Yi Niu cloud reptile agent sets the program of independent switching IP

1. Switch IP independently?
This mode is suitable for some businesses that require login, cookie cache processing and other crawlers that need to precisely control the timing of IP switching. Crawlers can set the HTTP header Proxy-Tunnel: random number. When the random number is the same, the proxy IP that visits the target website is the same.

For example

You need to log in and get data. Two requests are under one IP. Just set the same Proxy-Tunnel for this group of requests, for example: Proxy-Tunnel: 12345 , This group requests to use the same proxy IP during the validity period of the proxy.

Note

At the same time, different request groups can set different Proxy-Tunnel: random numbers, and data crawling can be completed concurrently.

Use the same IP to access the HTTPS target website

1 Use Connection: keep-alive and Proxy-Connection: keep-alive to access the target website, the proxy will ensure that all in a session Requests all reach the target website through an IP. 2 Set the same Proxy-Tunnel. Some libraries have higher-level encapsulation. Please make sure to send the HTTP header to the proxy.

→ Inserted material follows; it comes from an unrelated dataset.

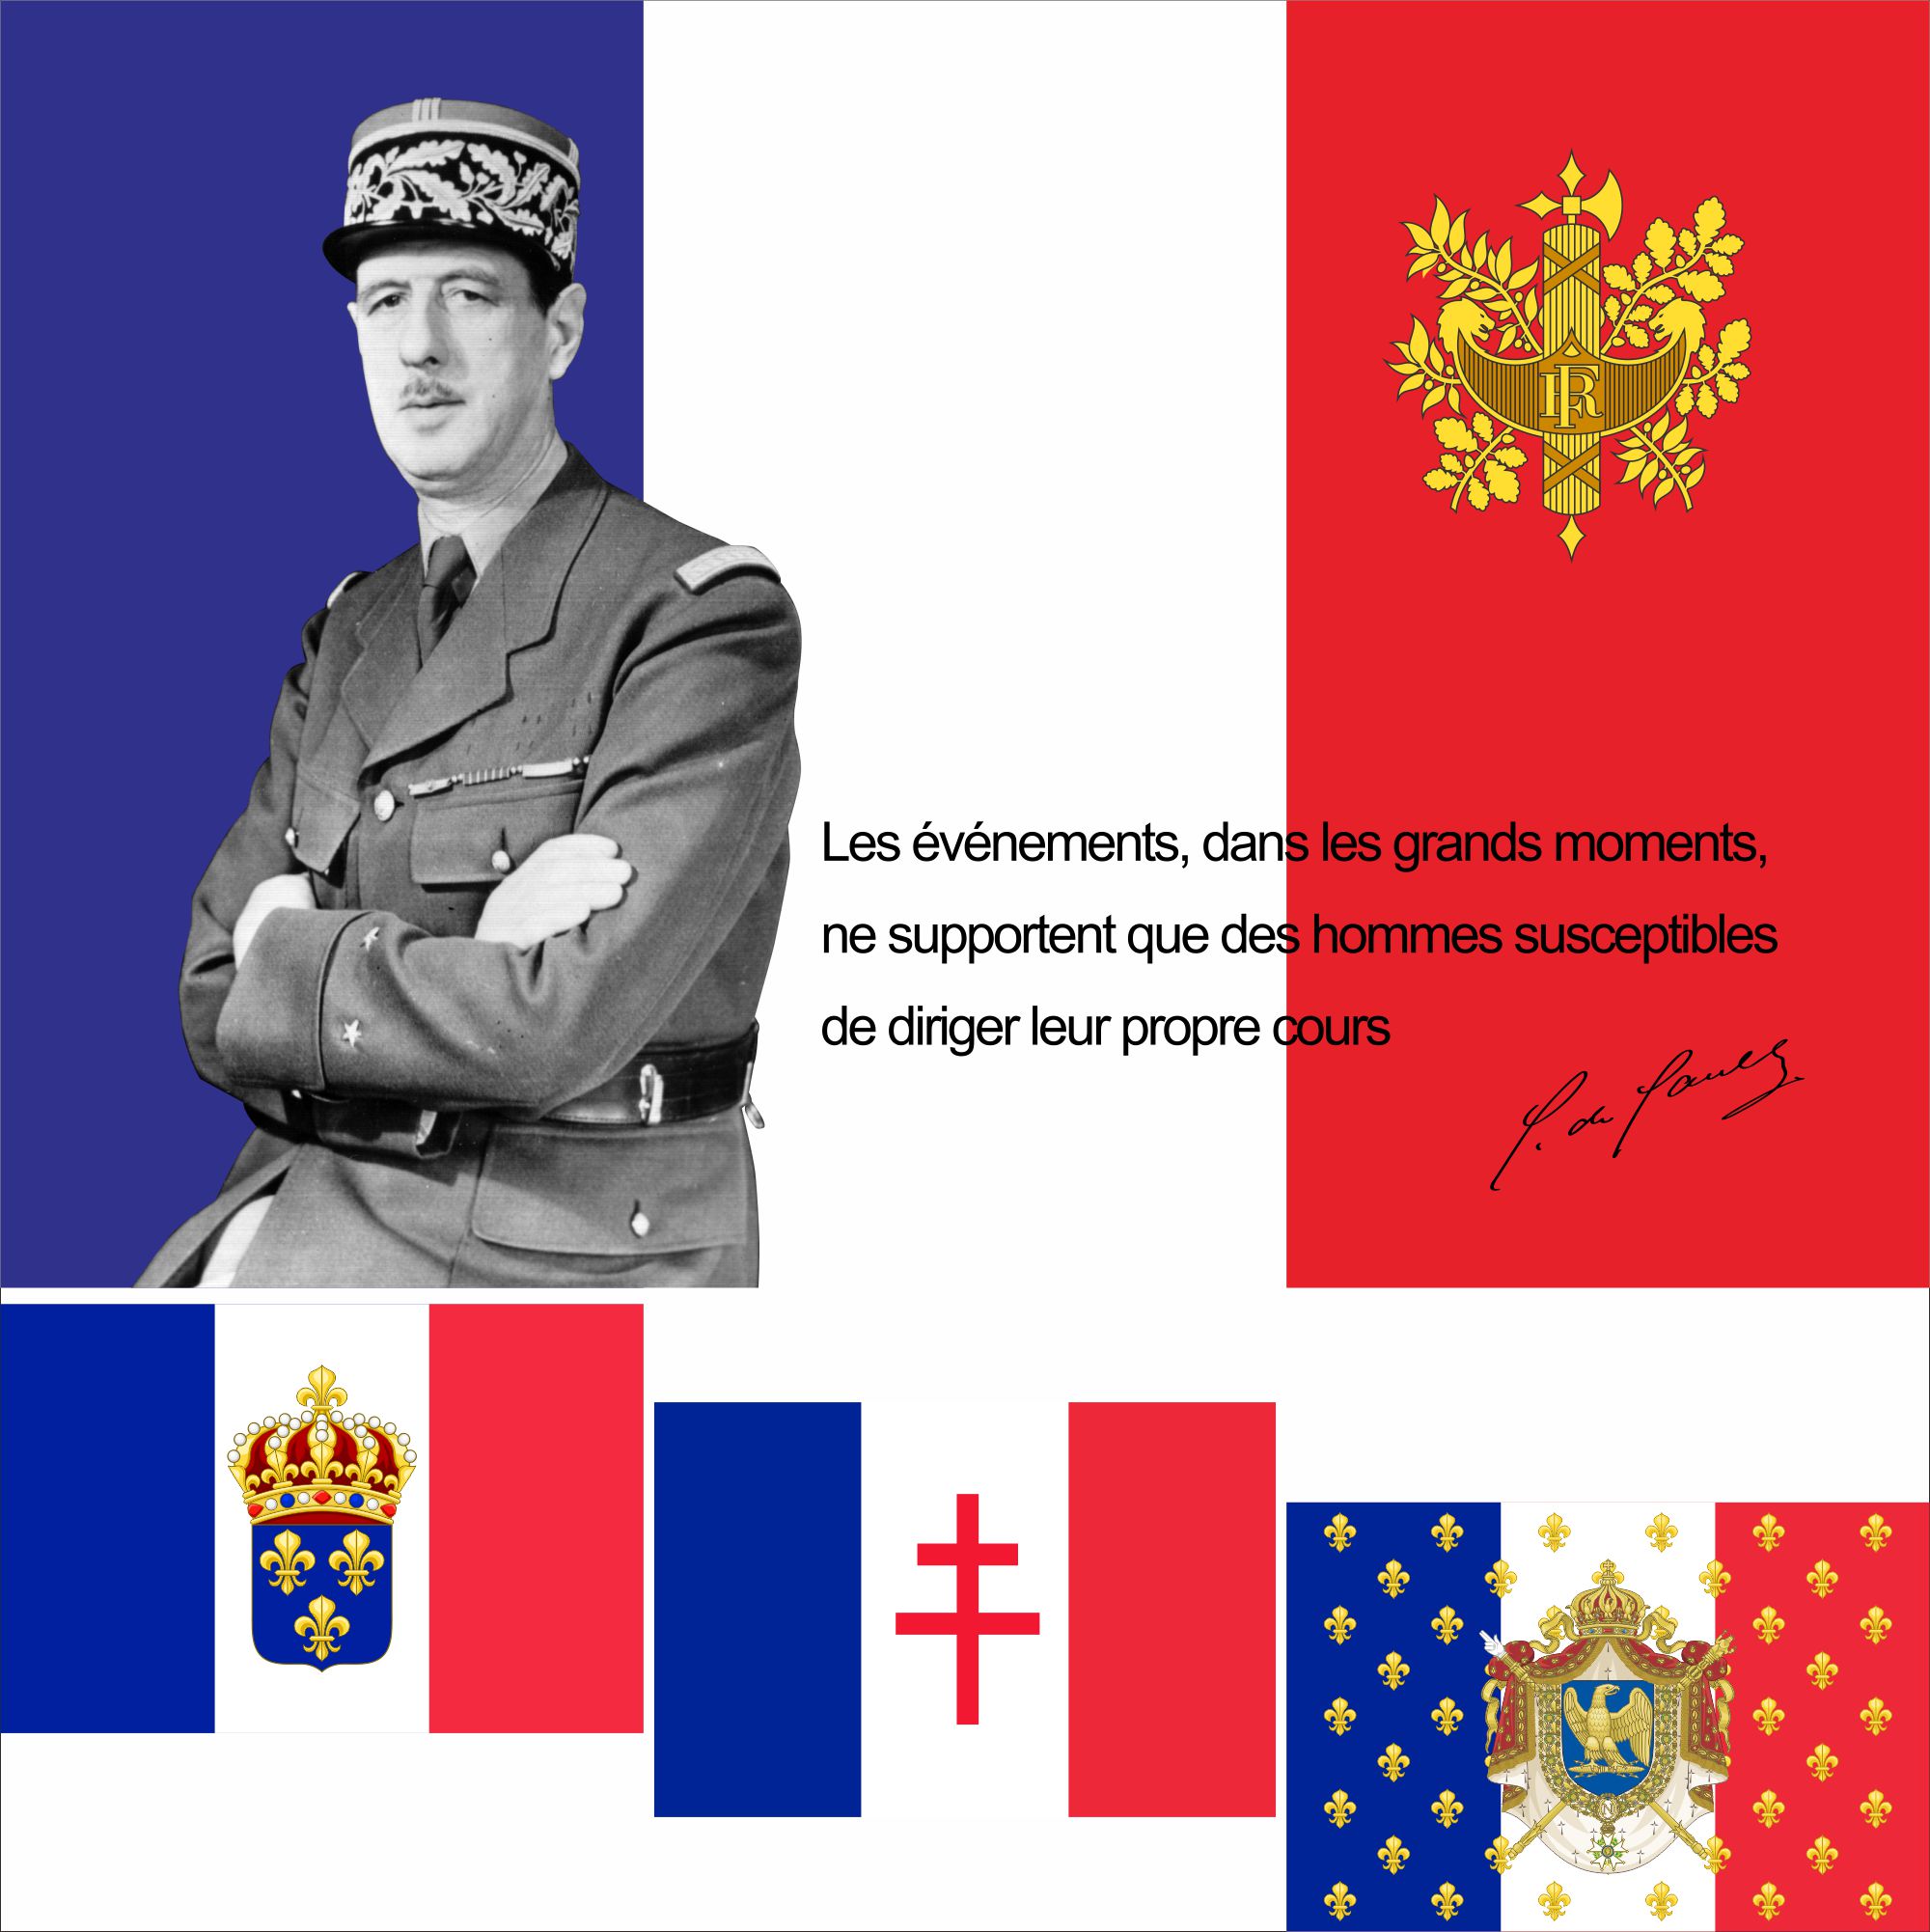   Napoleon De Gaulle Louis XIV 3X5FT 100D..

2. TCP request to switch IP (KeepAlive)?
Each TCP request is automatically switched, which means that the crawler agent randomly provides a proxy IP for each TCP request sent by the crawler program. This mode is suitable for the needs Multiple sessions use the same IP for continuous access.

For example

Need to log in, get data two requests under one IP, only need to ensure that the group of requests are under one TCP session, the group of requests use the same during the validity period of the proxy Proxy IP.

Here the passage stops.